Your assignment:
Ignoring every picture, return the lines of the listing below word for word, from the line that holds "společné jídlo - vision quest na Sahaře 2012" through the line that holds "الشهيد أبو محمد".
Task input Block Start
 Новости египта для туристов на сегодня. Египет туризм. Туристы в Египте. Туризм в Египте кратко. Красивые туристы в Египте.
Task input Block End
Task input Block Start
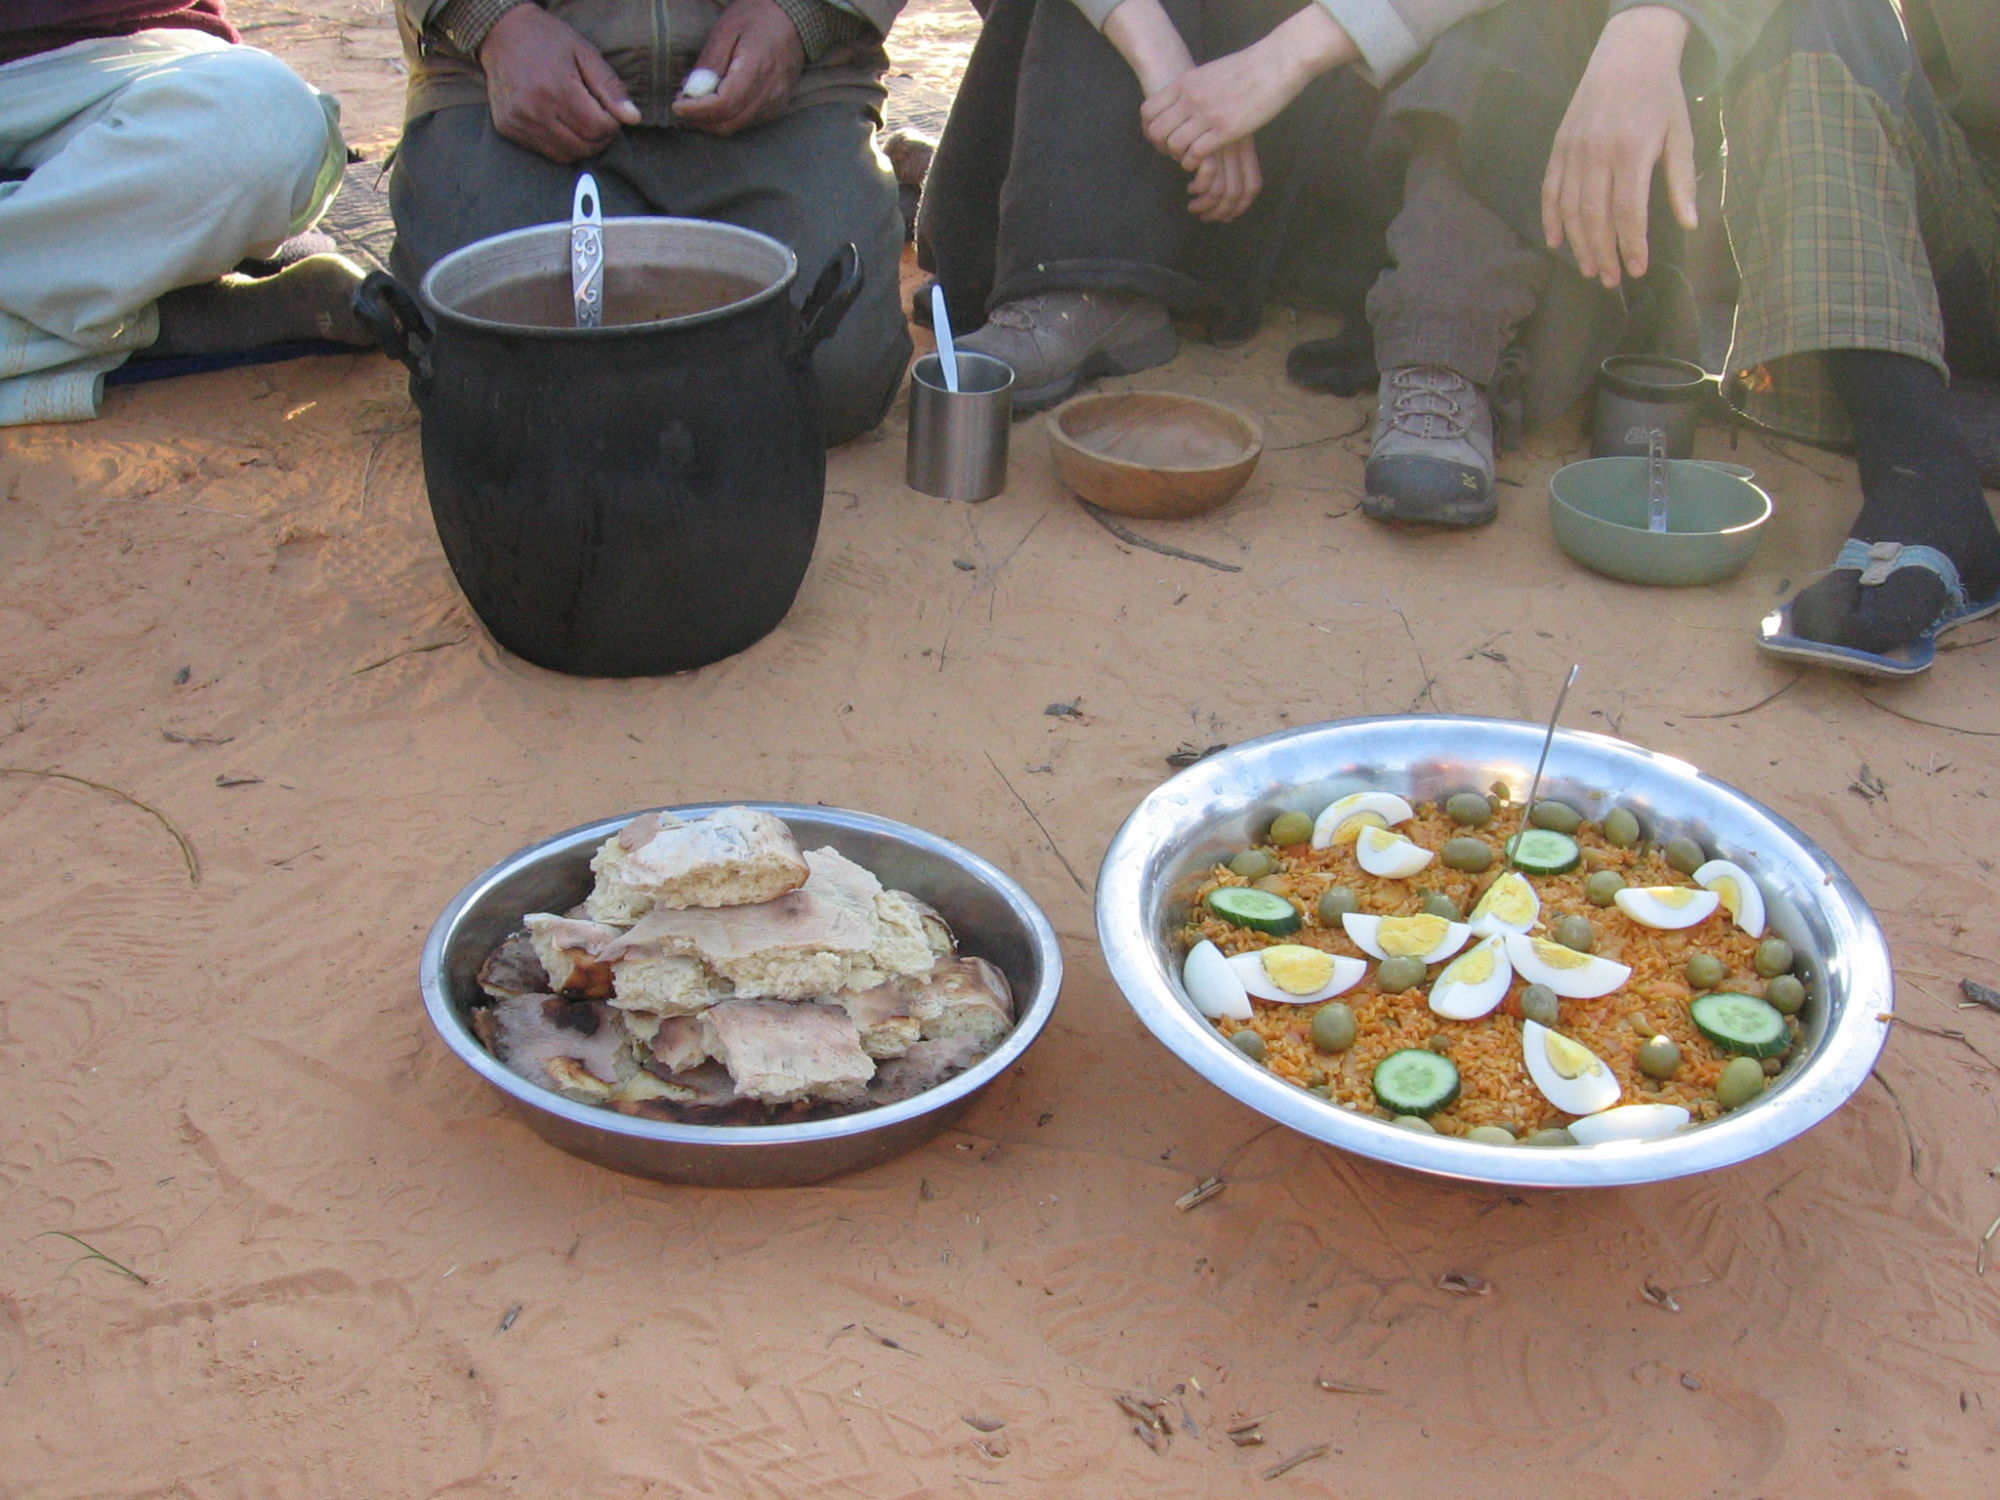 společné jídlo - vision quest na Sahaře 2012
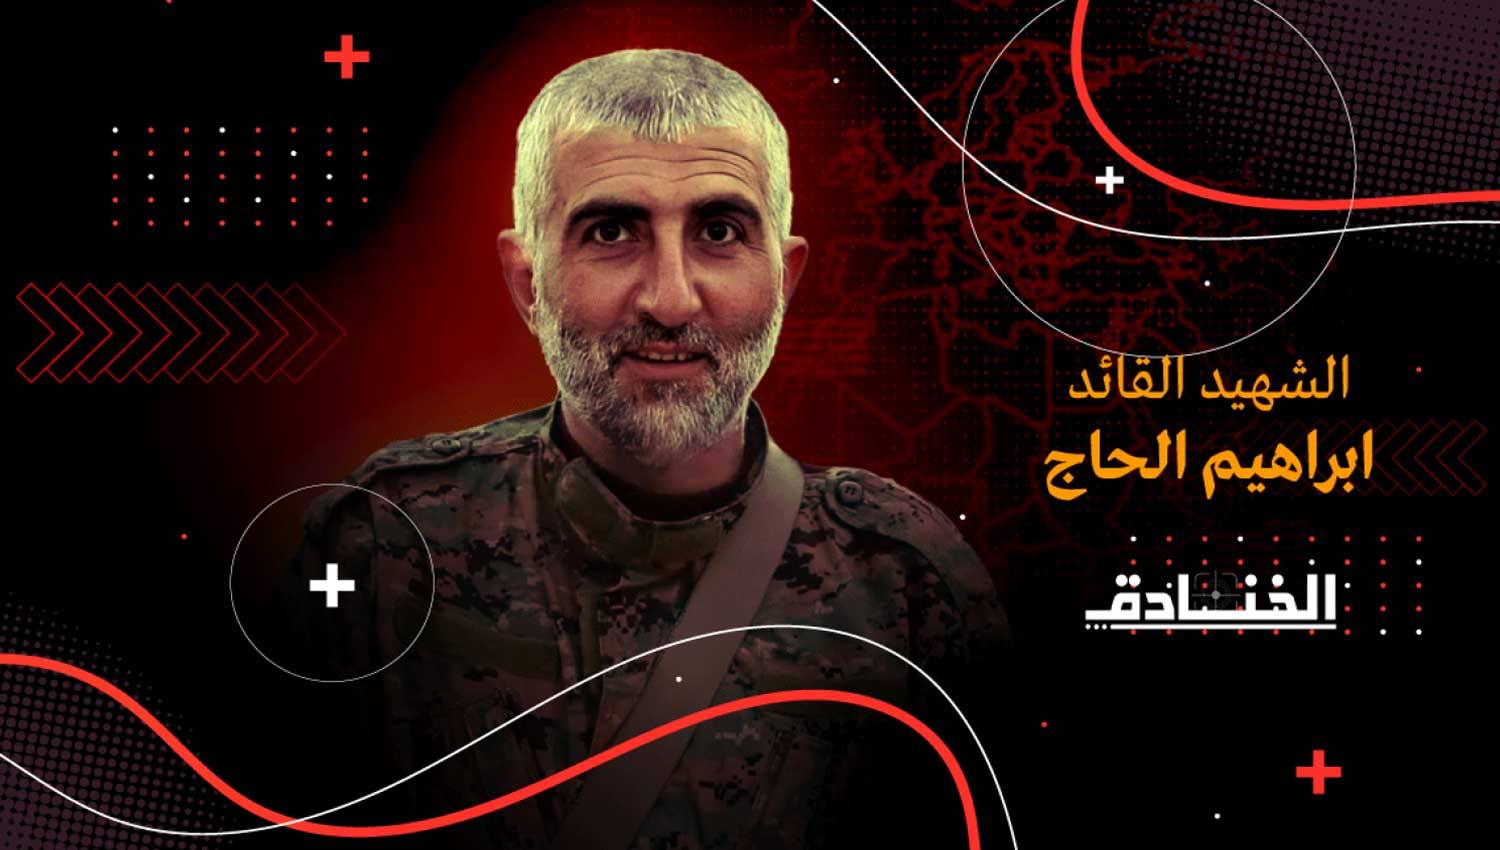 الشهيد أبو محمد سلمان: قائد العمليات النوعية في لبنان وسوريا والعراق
Task input Block End
Solution below:
 společné jídlo - vision quest na Sahaře 2012
 الشهيد أبو محمد سلمان: قائد العمليات النوعية في لبنان وسوريا والعراق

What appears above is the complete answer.